All of these considerations have led us to the conclusion that the district judge was in error in granting the order of appeal to these defendants under the benefit of the statute, and the result is the same as if no order had been granted. An appeal without bond cannot be supported unless, as herein stated, the appellant had been relieved from the obligation by having exercised his privilege under the act at the proper time.

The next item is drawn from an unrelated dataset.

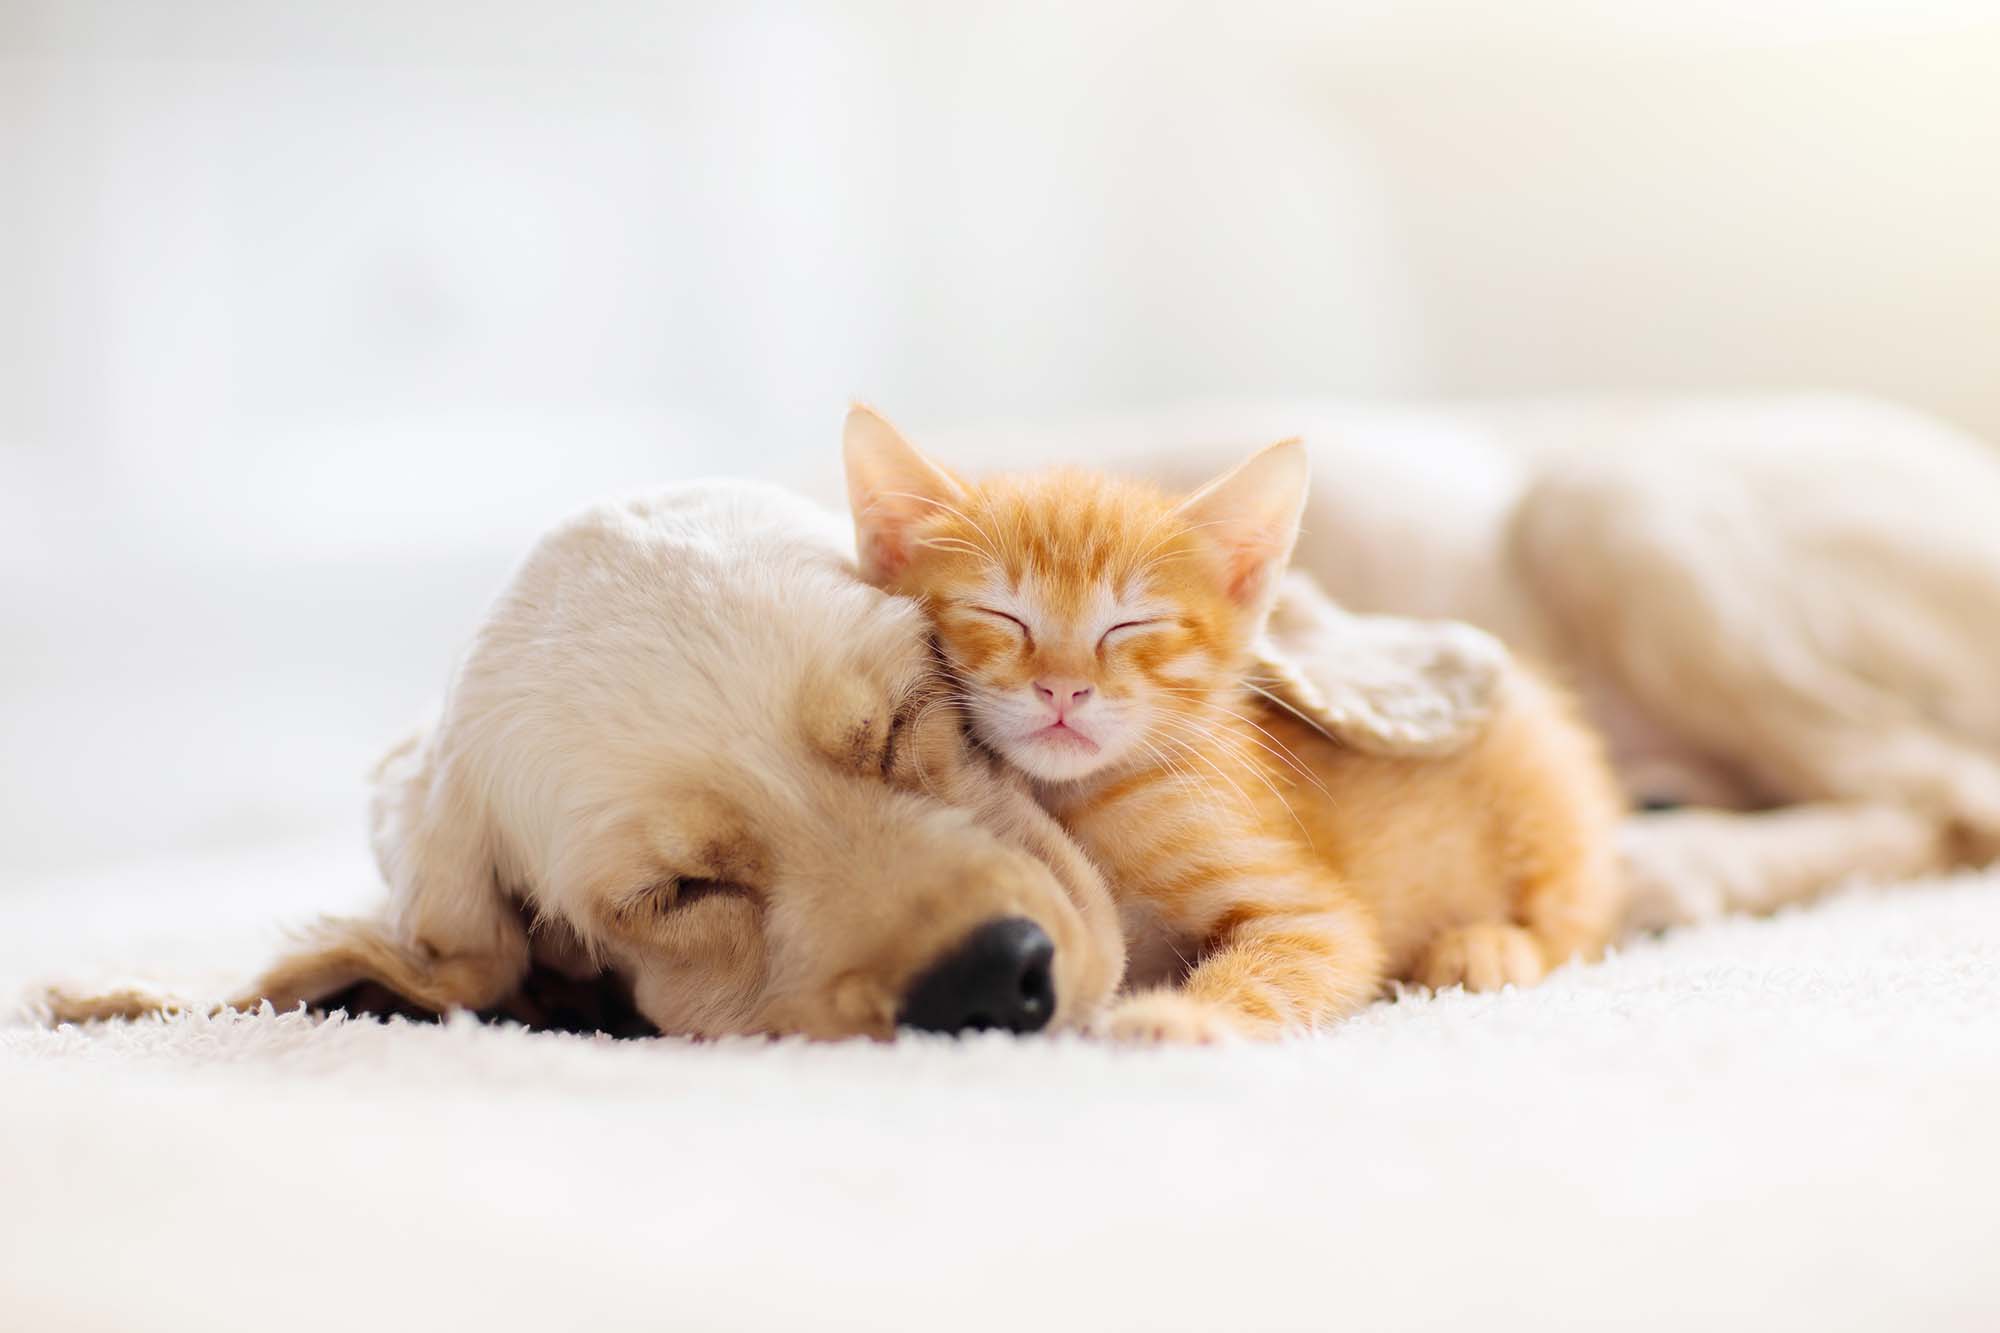 Dog & cat sleeping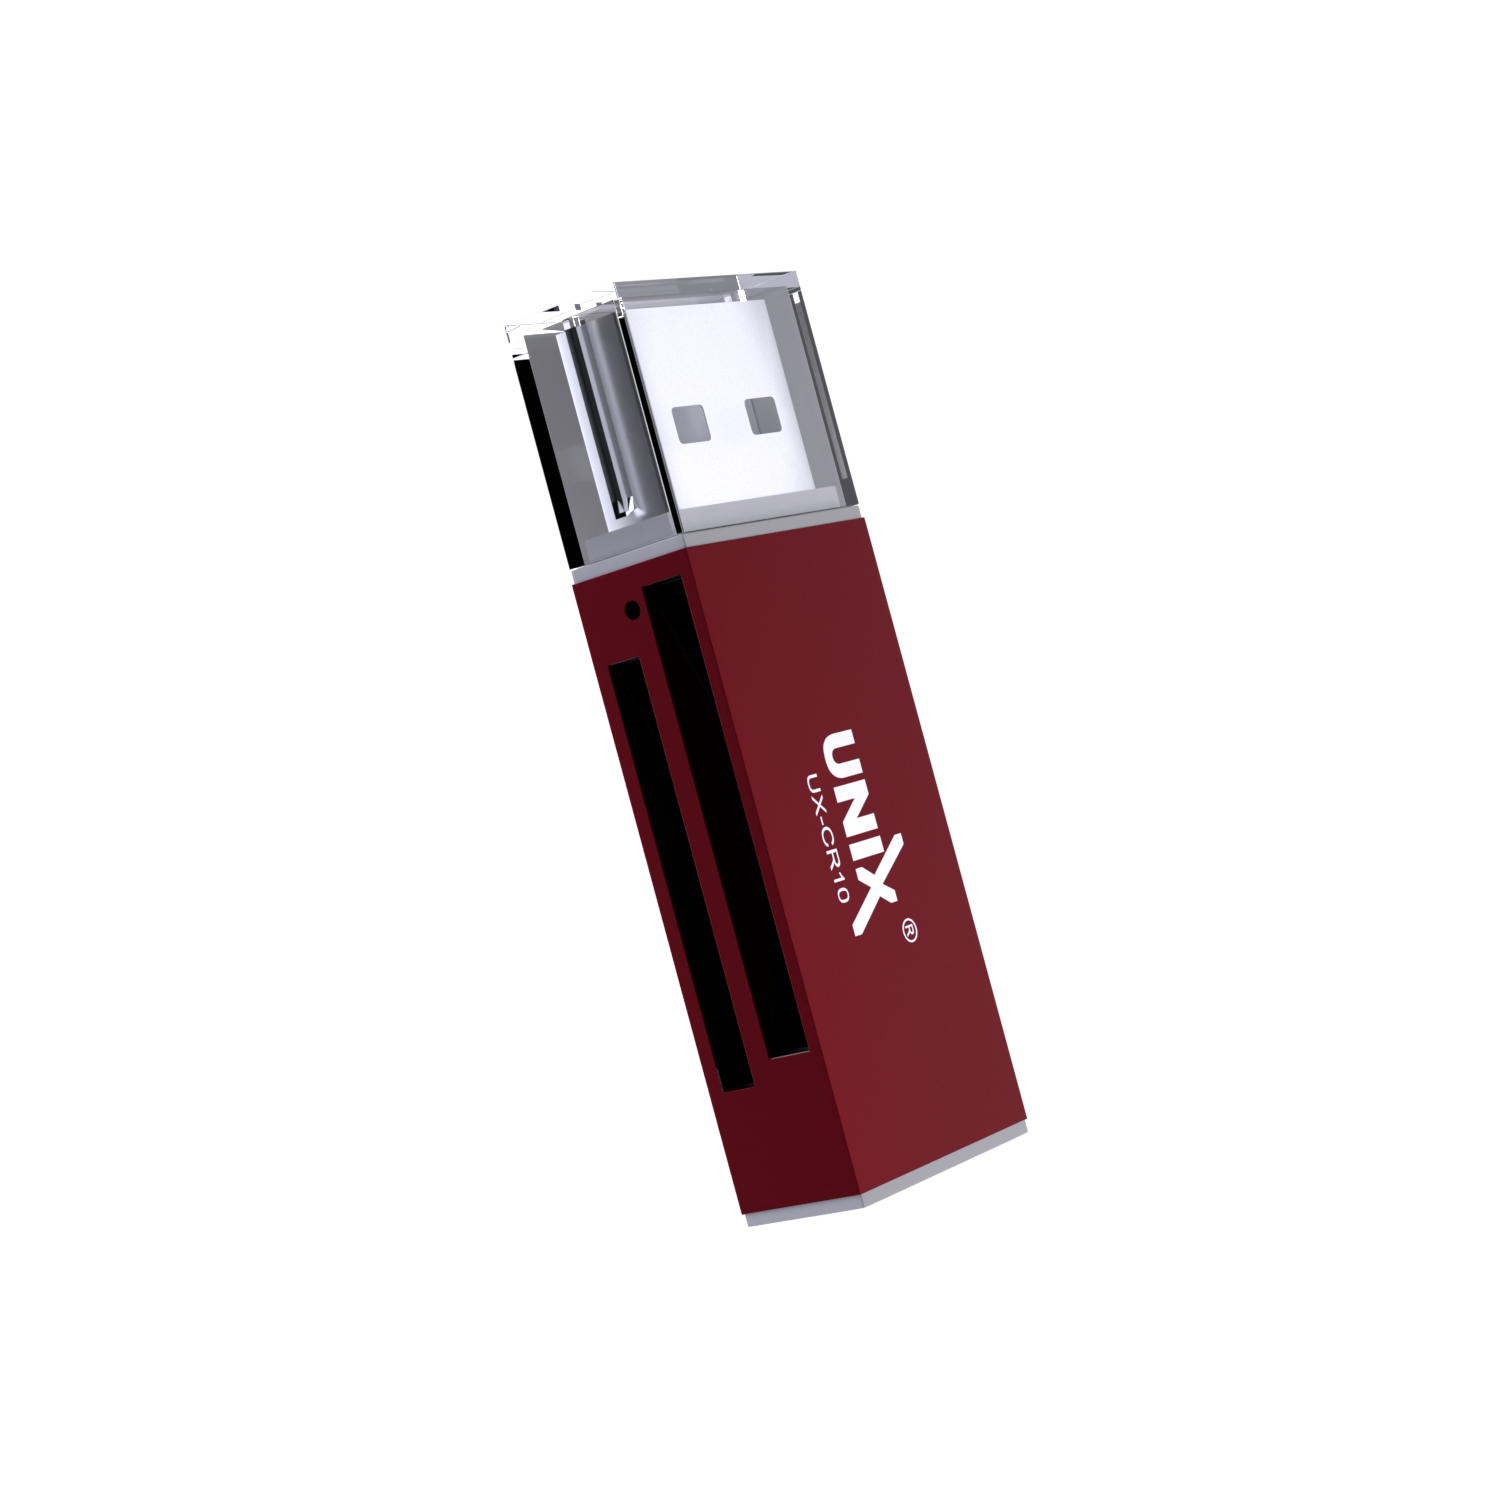 Unix UX-CR10 Card Reader | USB 3.0, High-Speed Data Transfer left

Counsel for defendants urges that the motion to dismiss the appeal cannot be entertained for the reason that in matters appertaining to appeal bonds the lower court retains jurisdiction and no appeal can be dismissed on account of insufficiency of or error in the bond, unless the motion complaining of such matter shall have been filed within three days after the return day. We presume that the contention is based on Act No. 112 of 1916, which provides for such matters in cases where a bond has been furnished as is pointed out in counsel's own argument. Obviously, however, the provisions of the statute cannot relate to a case like the present, where no appeal bond was filed at all and the district judge, as we have held had no right to relieve the appellants from their obligation to furnish one.

We think that the motion to dismiss the appeal is properly before the court, that it was properly urged, and should be sustained.

For the foregoing reasons it is therefore ordered, adjudged, and decreed that the motion to dismiss the appeal be, and the same is hereby, sustained, and that the appeal here in be dismissed, at the costs of the defend ants-appellants.